I would like to say what a great site this is. I really appreciate all the informative threads on this site. 

I graduated from Le Cordon Bleu in Korea and I have recently immigrated in Toronto, Canada. I don't have any experince in the kitchen, yet. 
I would like to start my career in the kitchen. But I have some problems here. 

I am looking for an entry level like prep cook at a good name hotel or fine dining restaurant. I would like to work in the kitchen so I could actually learn some basic technics, cause I think the beginning is very important.
I have checked the Toronto star classifieds, Workopolis, job bank, Hcareers site everyday to find some job openings for me. Unfortunately, I don't really see any at all. 

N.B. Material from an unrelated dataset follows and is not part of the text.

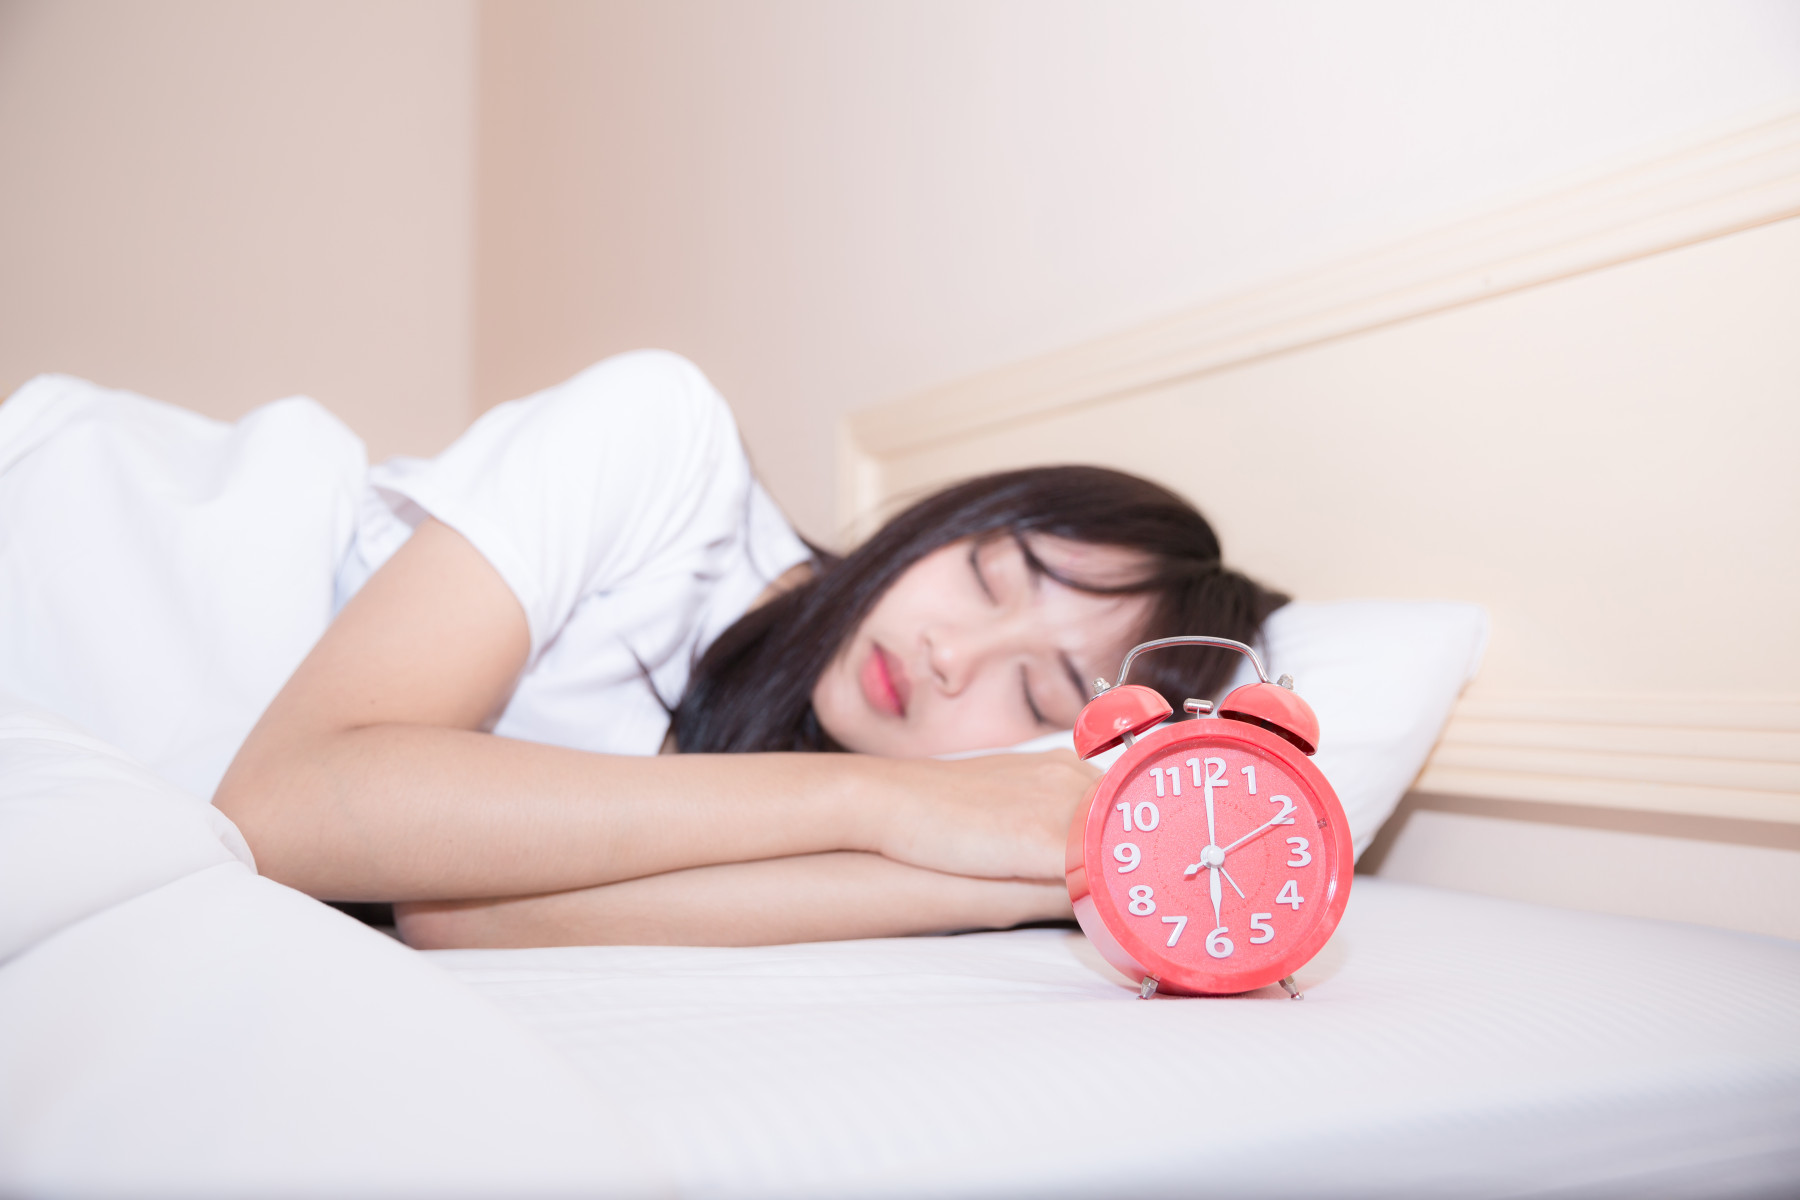 Hoạt Huyết Dưỡng Não Natto: Cải thiện giấc ngủ, sức khỏe và tuần hoàn máu

All they have are either jobs for working at a big franchised fast food restaurant or a job for someone with 2-3 years experience. 
Since I don't really know anybody in this city, what would be a good way to apply for an entry level job at a hotel or fine dinning restaurant in Toronto? 

Should I just visit the hotels/restaurants and ask for the human resources office and introduce myself and ask if they are hiring? 
Or should I just get their phone number and call and find someone in charge for HR, and inquire about an opening?

Anything I can hear from you guys, that will be a great HELP!!


----------



## cape chef (Jul 31, 2000)

Hi Foodie,

Not sure of the restaurant/hotel guides in Canada, but I would find out what they are, look up the highest rated/regarded ones in the guide and hit the pavement. Meet with human recourse or the chef. It's a tool that can be helpful.
Good luck.


----------



## laprise (Jan 4, 2006)

yes, hit the pavement...

I know that Toronto has lots of great restaurants and hotels, but I also know that there are many cooks looking for those jobs.

Try Fairmont hotel, it's union and hard to get in, but a great learning ground...

If yuo want to move in a Resort town, try BANFF, they are always looking for cooks...

good luck


----------



## foodie (Jan 18, 2006)

Thanks for your nice replies. 
It is great help for me.

I am going to hit the pavement starting this Monday. 
I am nervous and also excited.....I will keep you posted.

Thanx again.


----------